The method of reading mnist data set by python 07/03 Update SLTechnology News&Howtos

The method of reading mnist data set by python

2025-07-03 Update From: SLTechnology News&Howtos shulou NAV: SLTechnology News&Howtos > Development >

Shulou(Shulou.com)06/03 Report--

This article mainly explains the "python read mnist data set method", the article explains the content is simple and clear, easy to learn and understand, the following please follow the editor's train of thought slowly in depth, together to study and learn "python read mnist data set method"!

Introduction to dataset format

This part of the content is very common on the Internet, here is a brief introduction. The mnist dataset downloaded on the network contains four files:

The first two are the image and label of the test set, containing 10000 samples. The last two are from the training set and contain 60000 samples. GZ represents this compressed package, and if you decompress it, you will get a binary file in .ubyte format.

The image above shows the storage format of the label and image data of the training set. Both files start with magic number and number of images/items, and the second is useful, indicating the number of samples stored in the file. Another thing to note is the number of bits of data, there are 32-bit integers and 8-bit integers.

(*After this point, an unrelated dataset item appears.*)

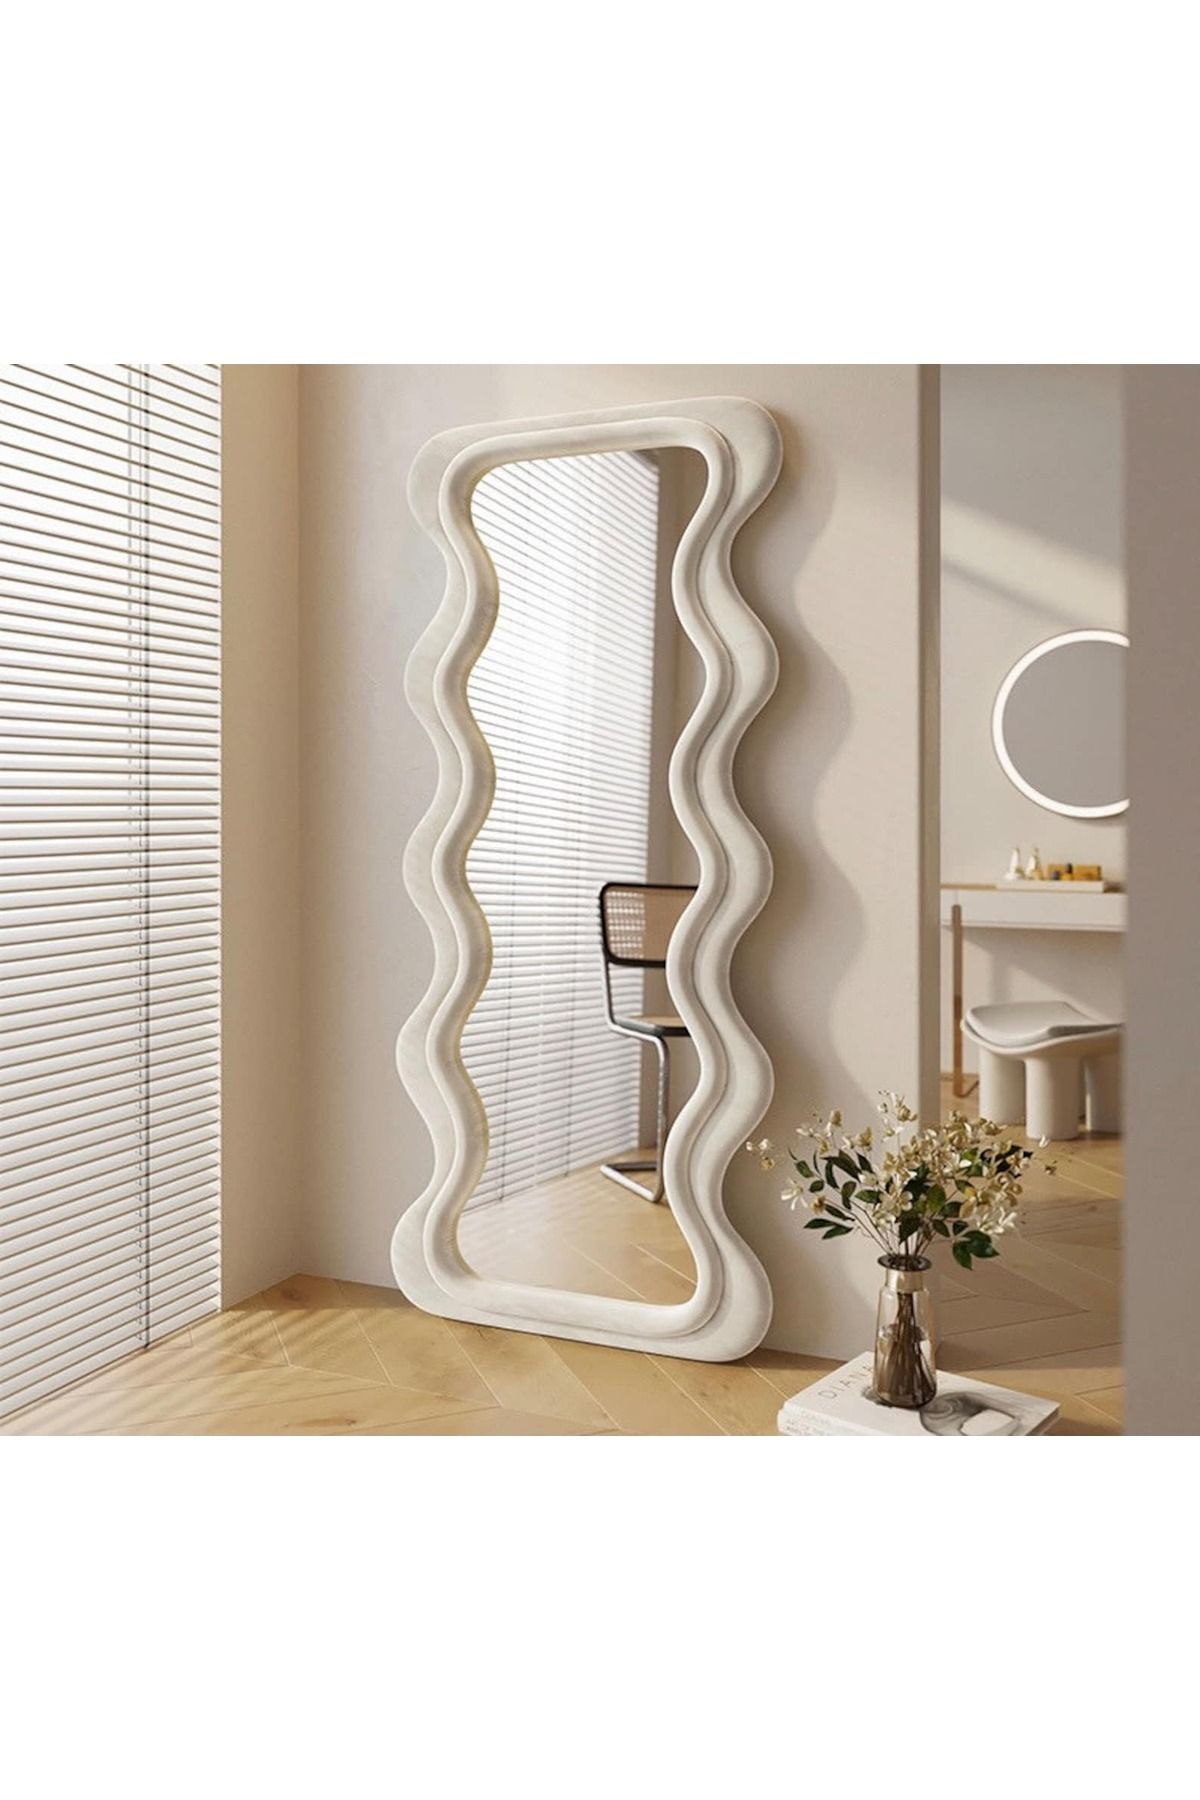 Felicity Mirror 190 cm Kadife Kumaş Çerçeveli Dekoratif Duvar Boy Aynası - Konsol Üstü Salon Aynası

Read method file reading in .gz format

Import gzip is required

The code to read the training set is as follows:

Def load_mnist_train (path, kind='train'):''path: path to the dataset kind: value is train Represents the read training set''labels_path = os.path.join (path,'%s-labels-idx1-ubyte.gz'% kind) images_path = os.path.join (path,'%s-images-idx3-ubyte.gz'% kind) # Open the file with gzip.open (labels_path,' rb') as lbpath using gzip: # use the struct.unpack method to read the first two data, > indicates that the high order comes first I stands for 32-bit integers. Lbpath.read (8) means to read 8 bytes at a time from a file # so that the first two data read are magic number and the number of samples magic, n = struct.unpack ('> II',lbpath.read (8)) # use np.fromstring to read the rest of the data Lbpath.read () means reading all data labels = np.fromstring (lbpath.read (), dtype=np.uint8) with gzip.open (images_path, 'rb') as imgpath: magic, num, rows, cols = struct.unpack (' > IIII',imgpath.read (16)) images = np.fromstring (imgpath.read (), dtype=np.uint8) .reshape (len (labels), 784) return images, labels

The code to read the test set is similar.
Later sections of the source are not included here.